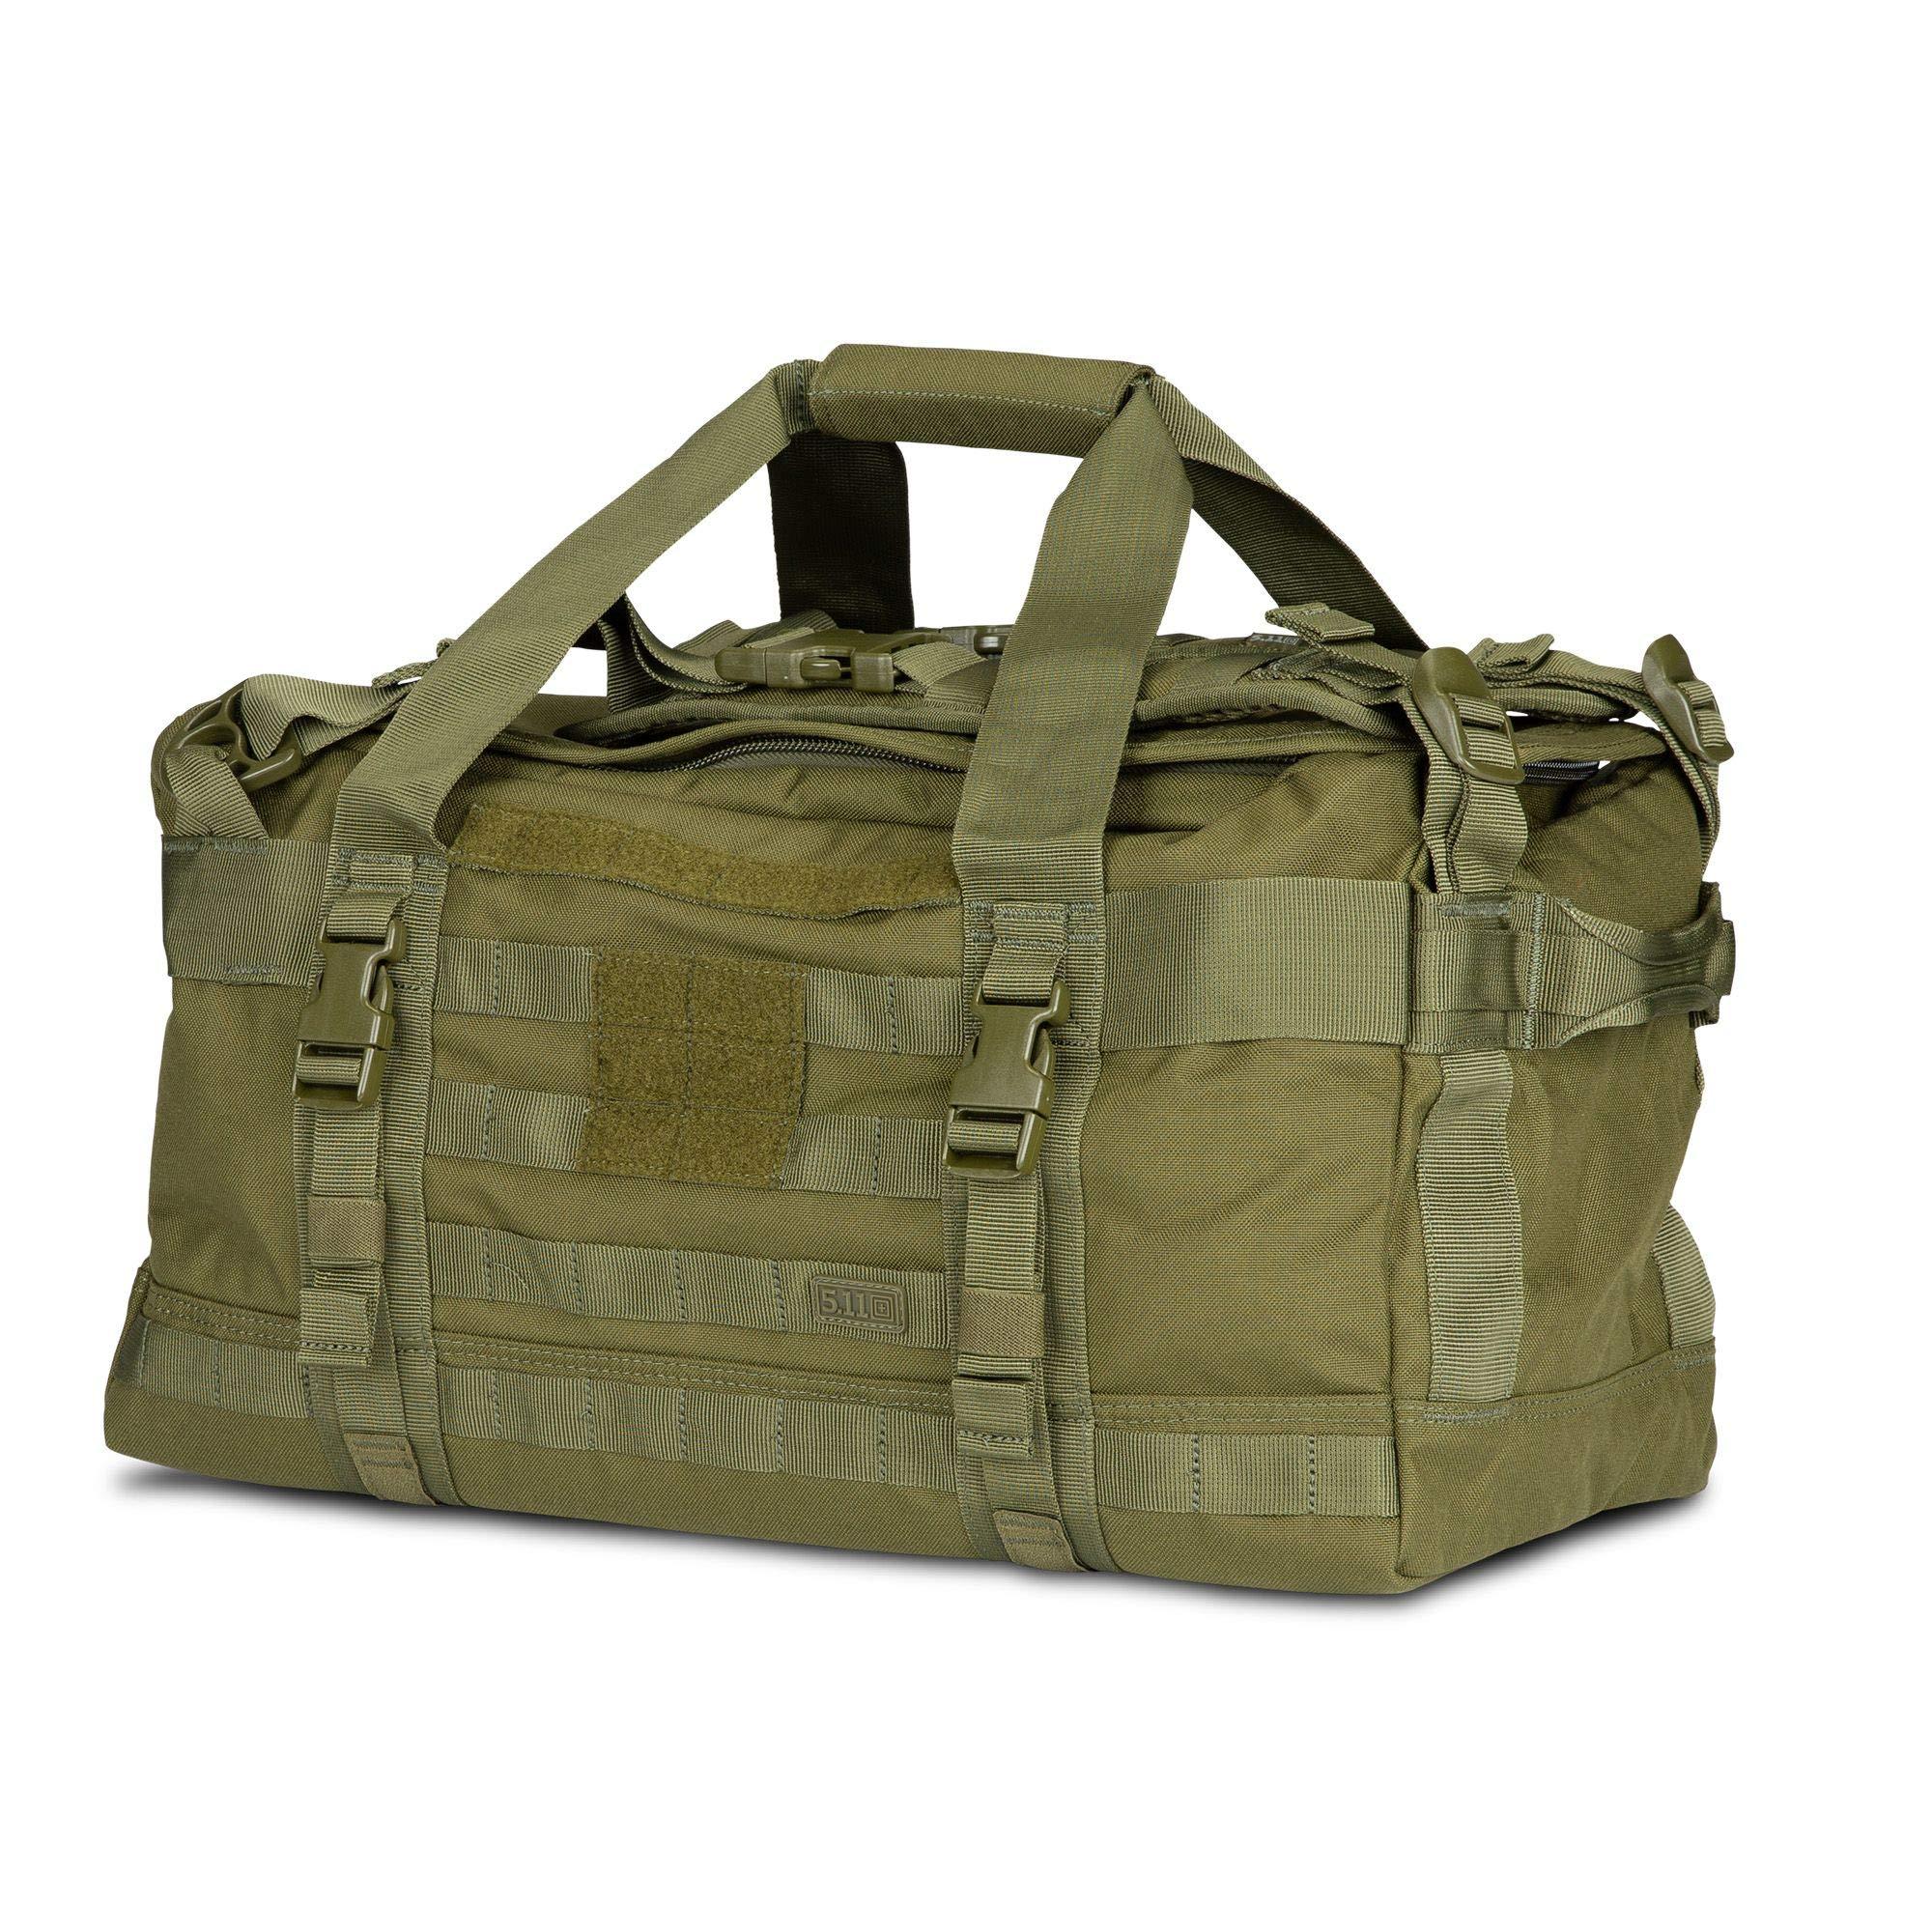 5.11 Rush LBD Mike Molle Tactical Duffel Bag
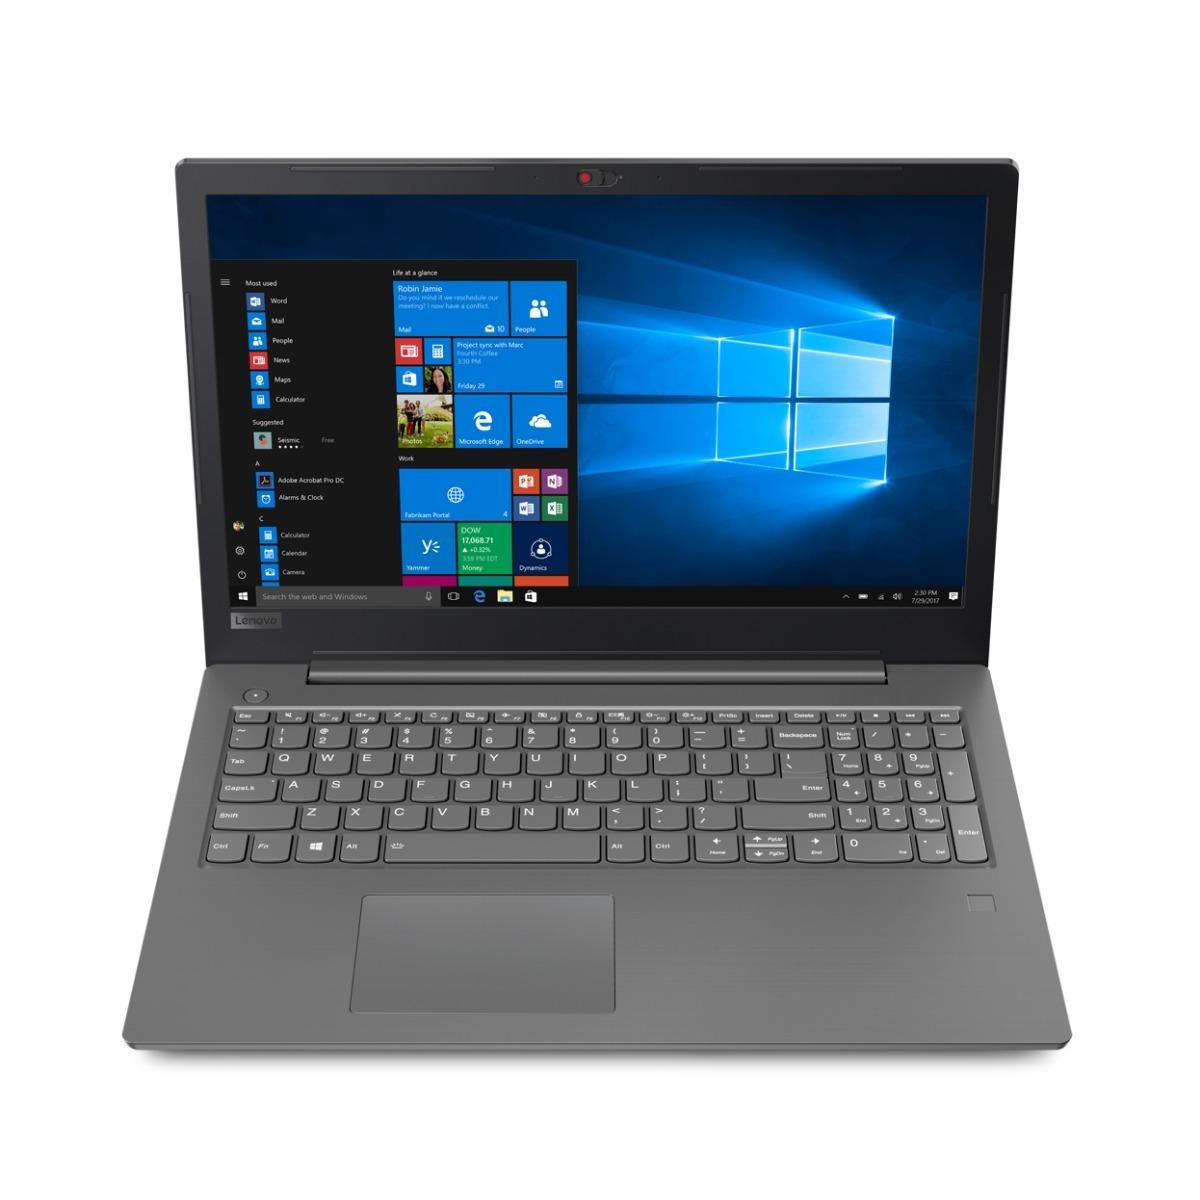 Notebook Lenovo V330 i3 7020U 4G 1Tb SSD-120Gb 15.6 Free s/Dvd
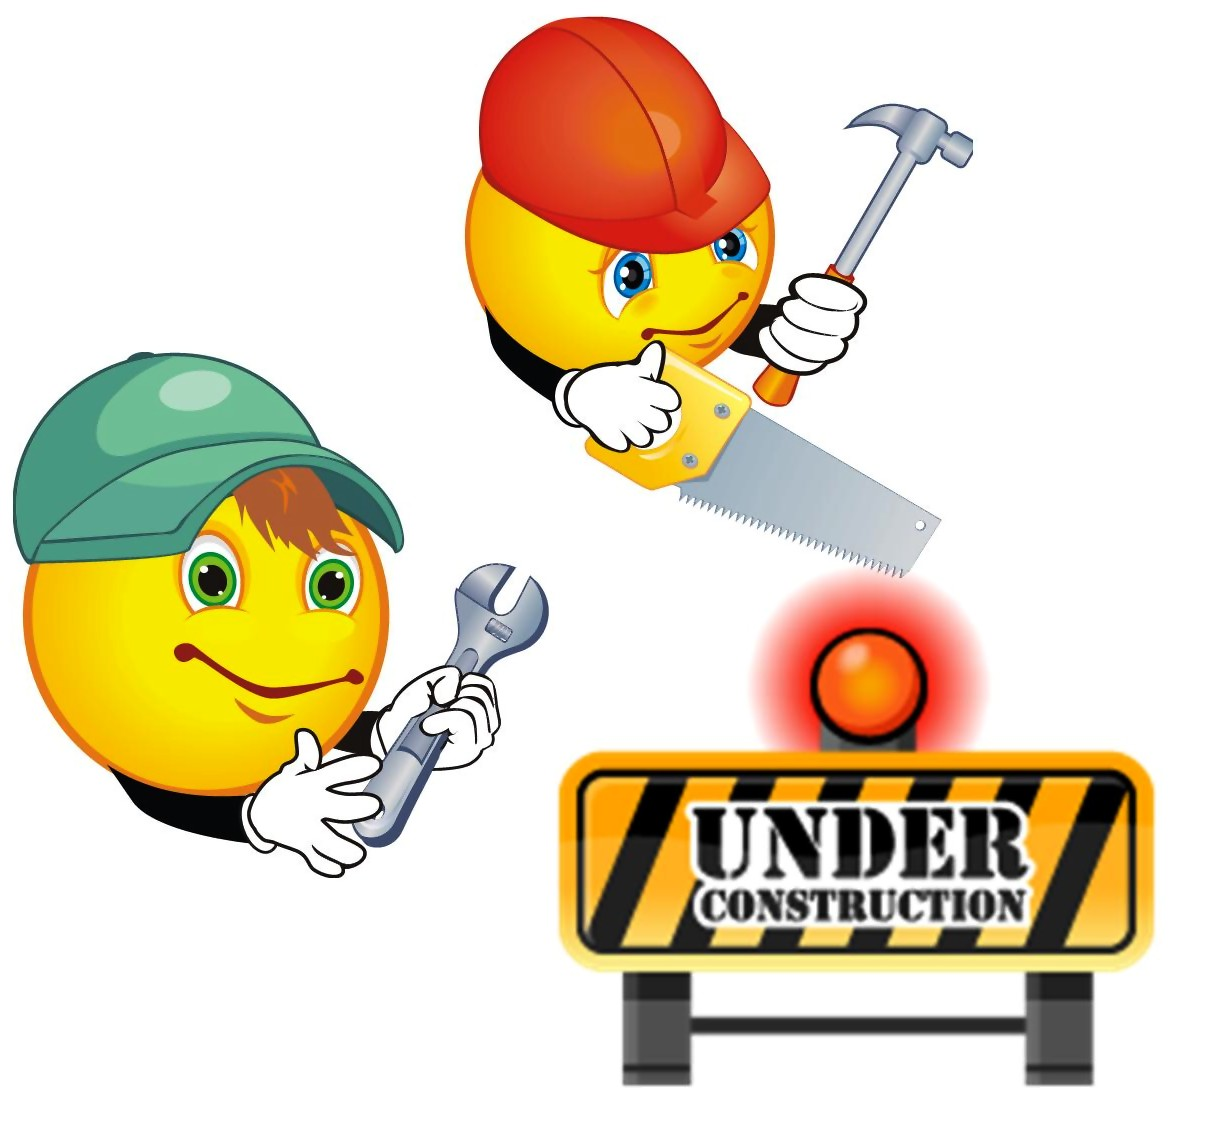 Construction Symbols Clip Art N2 free image

### [PROBLEM TO SOLVE]
Please output the listing above in full, exactly as given, without its images.

### [SOLUTION FOR THIS PROBLEM]
 5.11 Rush LBD Mike Molle Tactical Duffel Bag
 Notebook Lenovo V330 i3 7020U 4G 1Tb SSD-120Gb 15.6 Free s/Dvd
 Construction Symbols Clip Art N2 free image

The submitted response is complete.